*Your task*
Set down every line of the data exactly, skipping the pictures.

*The data*
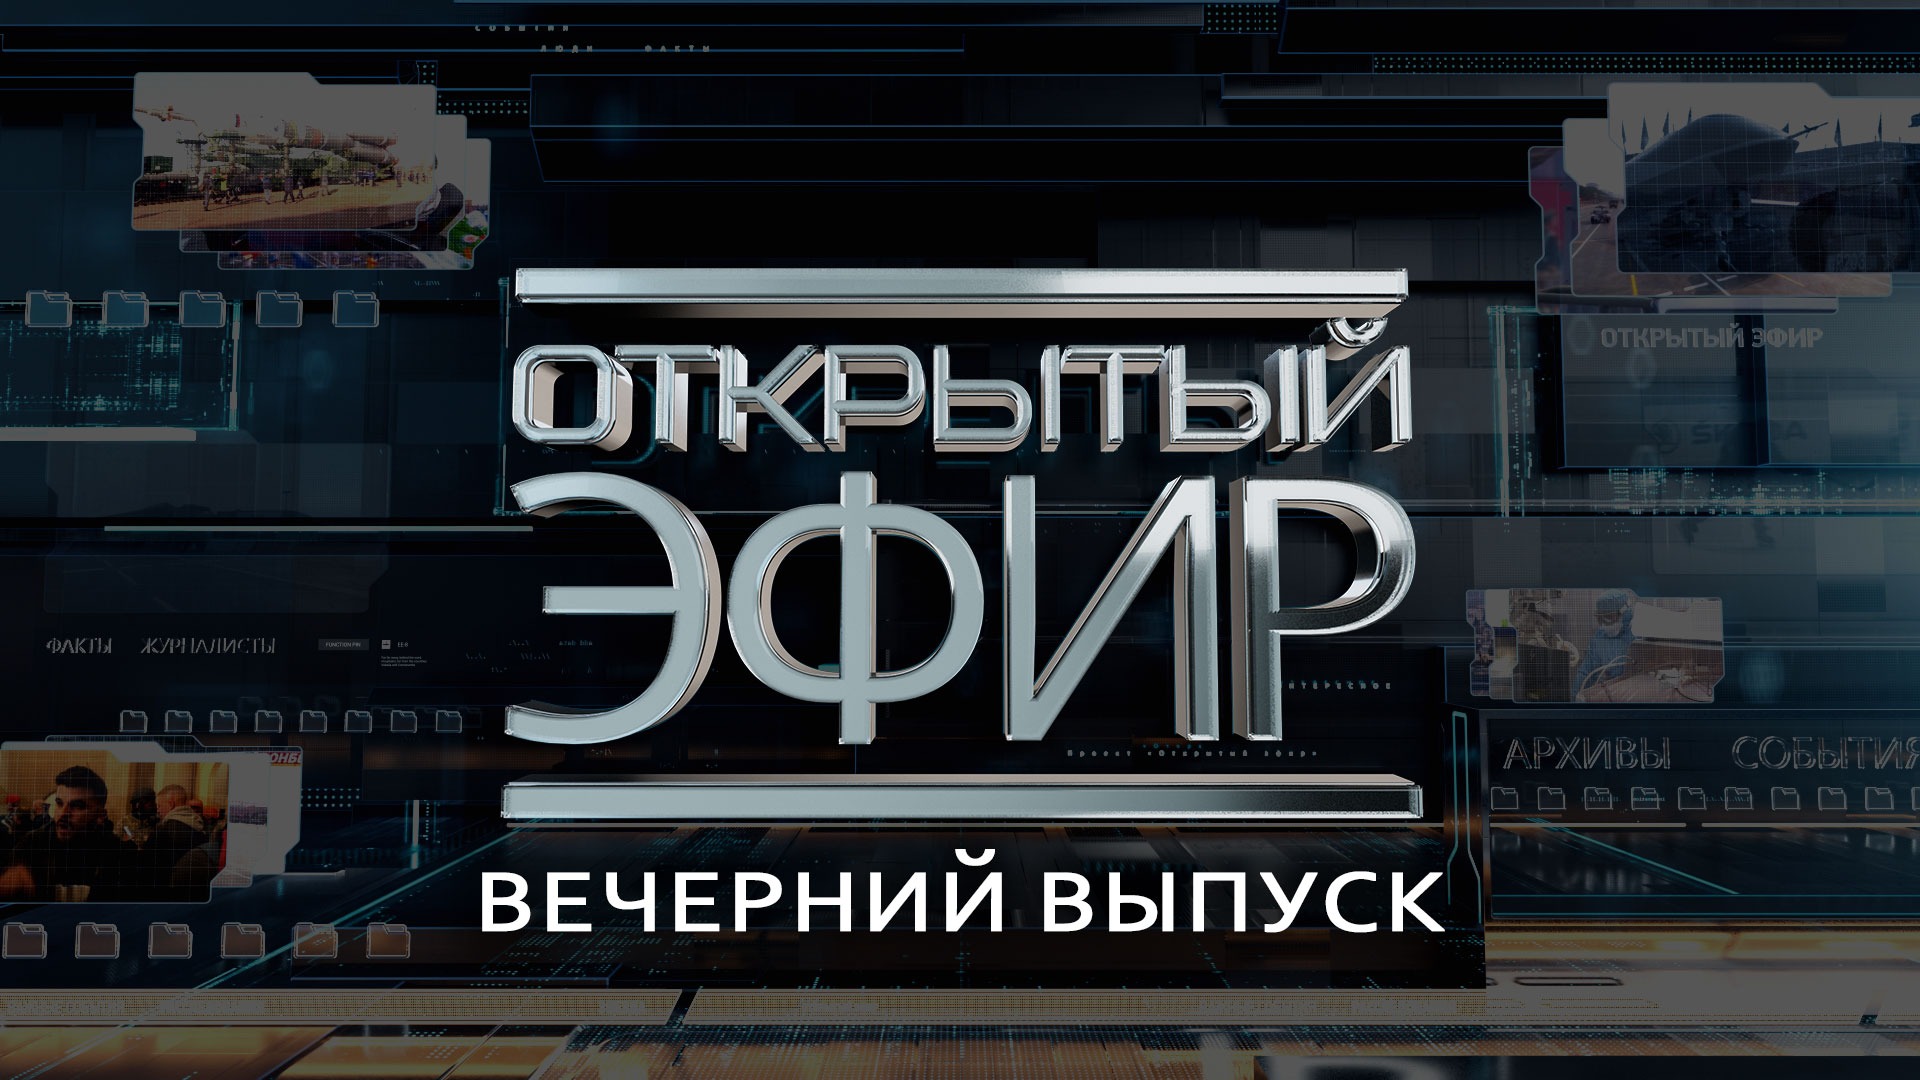 "Открытый эфир" о специальной военной операции в Донбассе. День 168
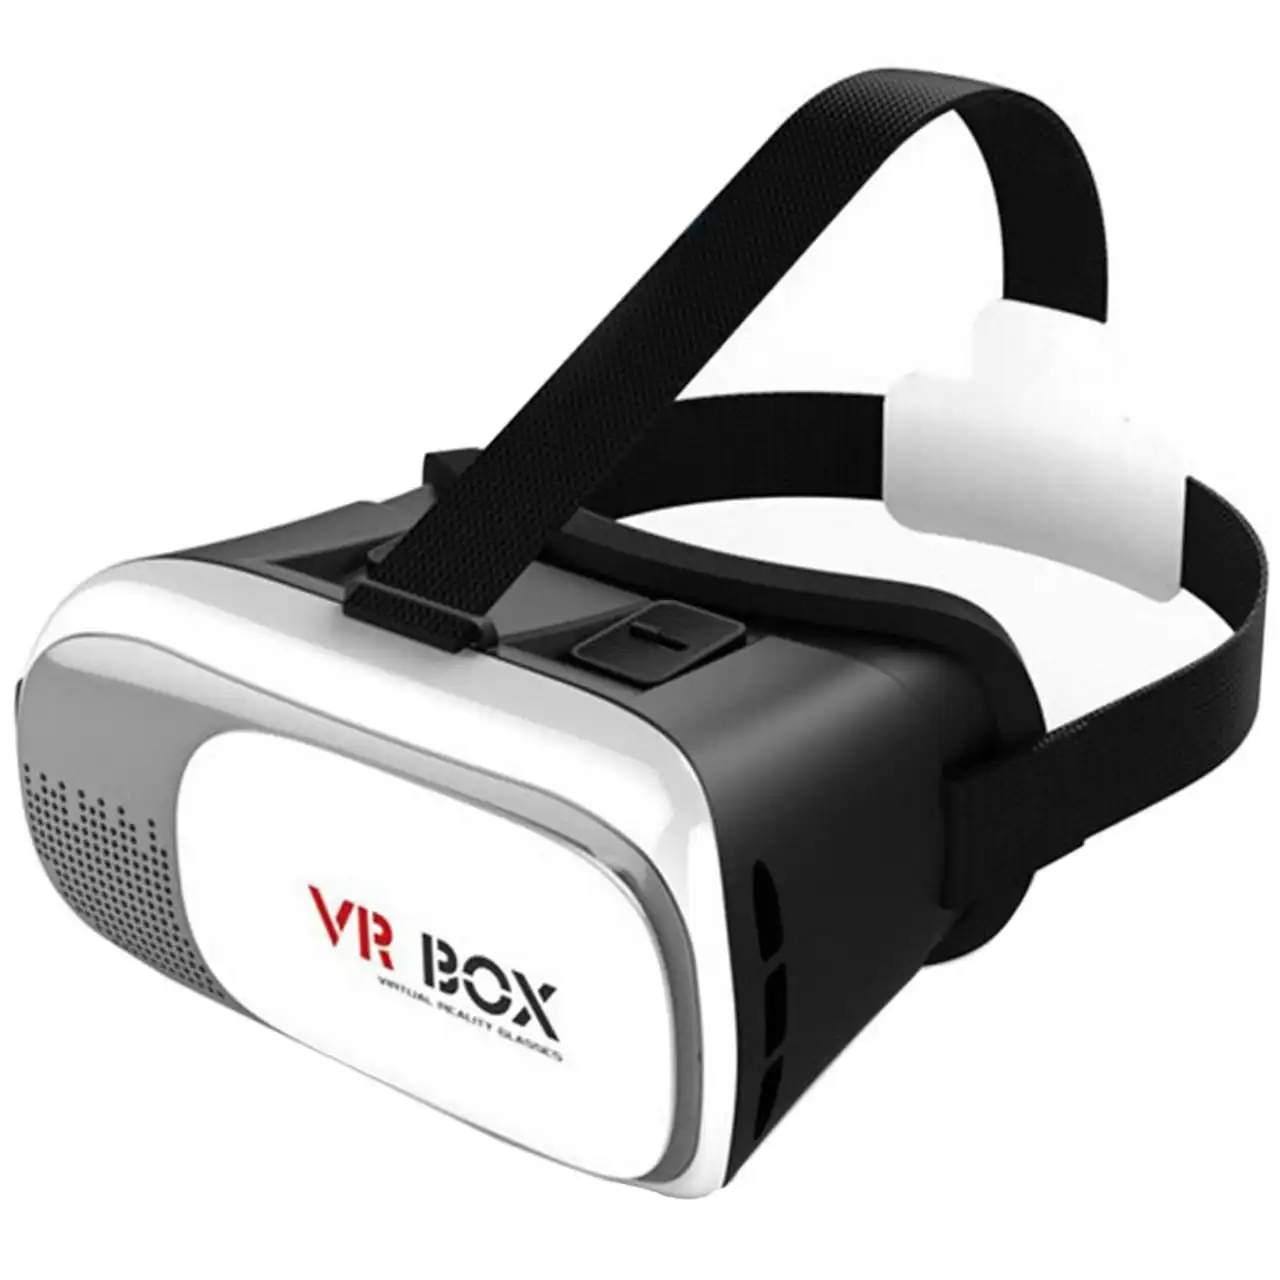  هدست واقعیت مجازی وی آر باکس مدل VR Box 2 به همراه ریموت کنترل بلوتوث و DVD  حاوی اپلیکیشن و باتری
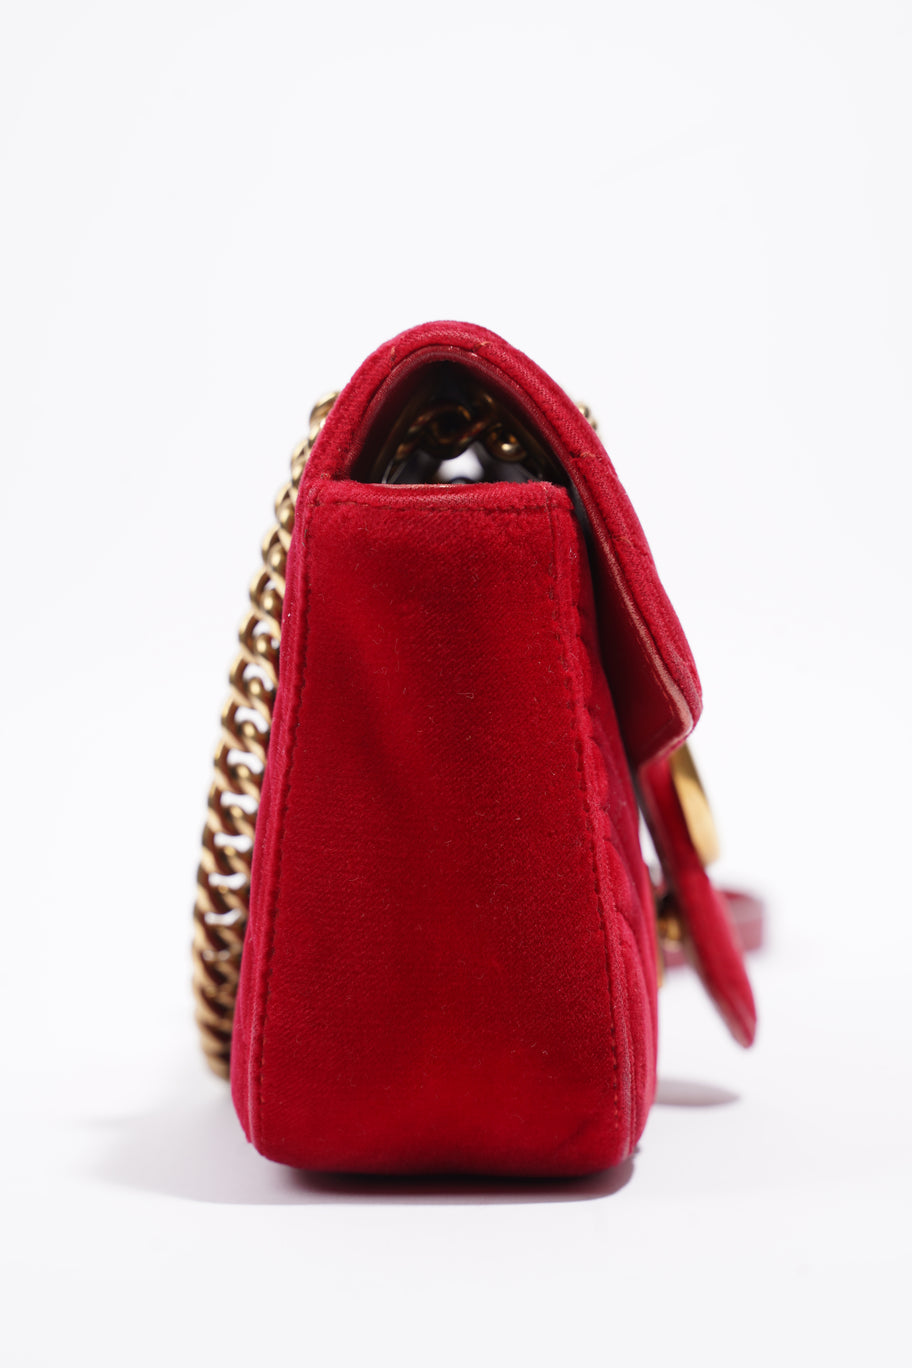 GG Marmont Bag Red Velvet Mini Image 5
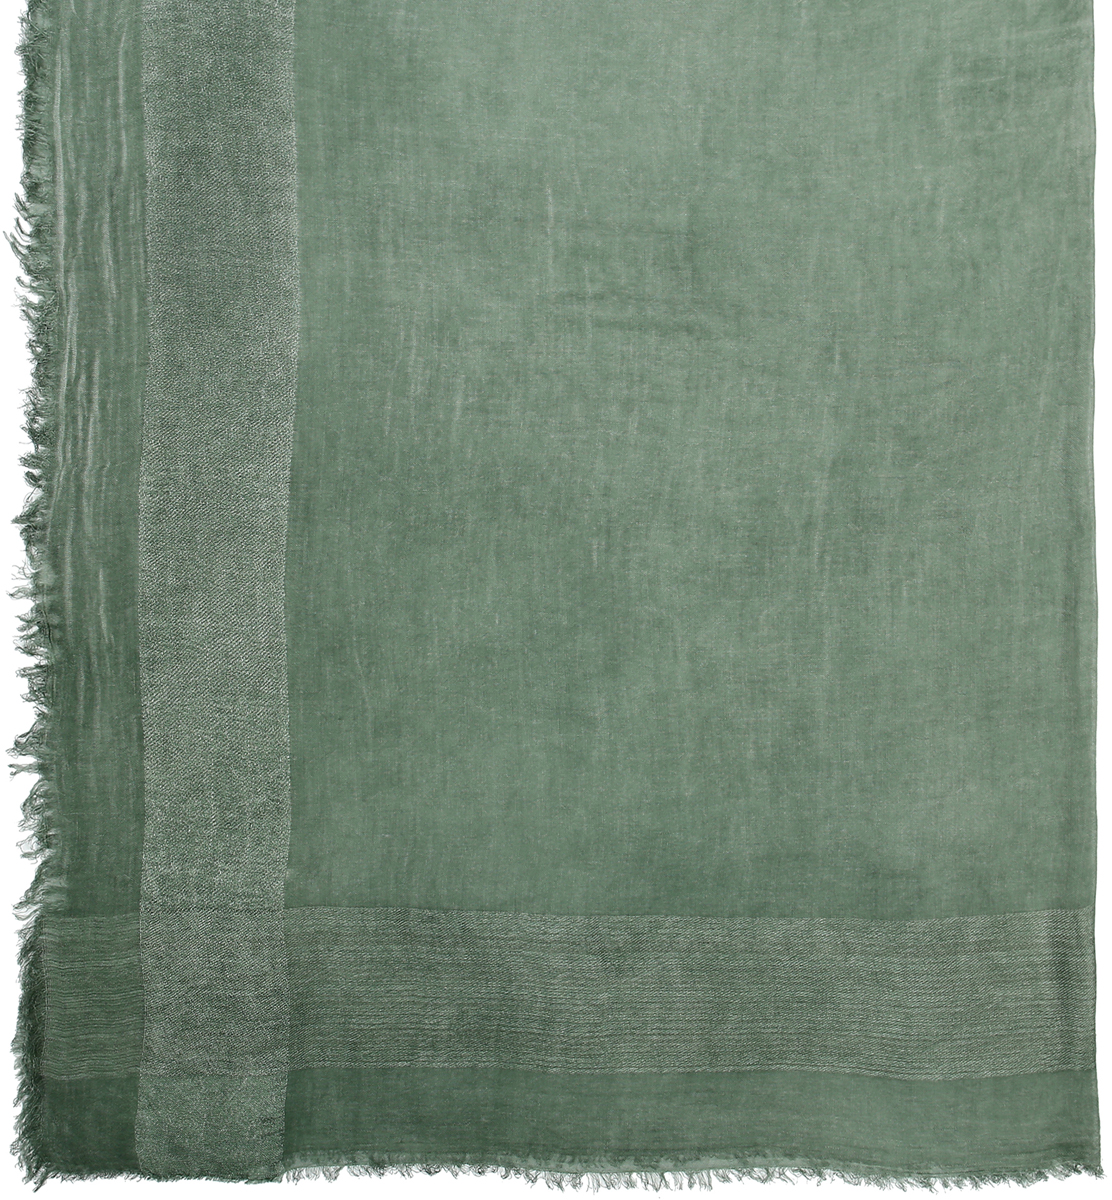 Платок женский Модные истории, цвет: зеленый. 23/0581/243. Размер 135 см x 135 см

*Exercise response*
 "Открытый эфир" о специальной военной операции в Донбассе. День 168
  هدست واقعیت مجازی وی آر باکس مدل VR Box 2 به همراه ریموت کنترل بلوتوث و DVD  حاوی اپلیکیشن و باتری
 GG Marmont Bag Red Velvet Mini Image 5
 Платок женский Модные истории, цвет: зеленый. 23/0581/243. Размер 135 см x 135 см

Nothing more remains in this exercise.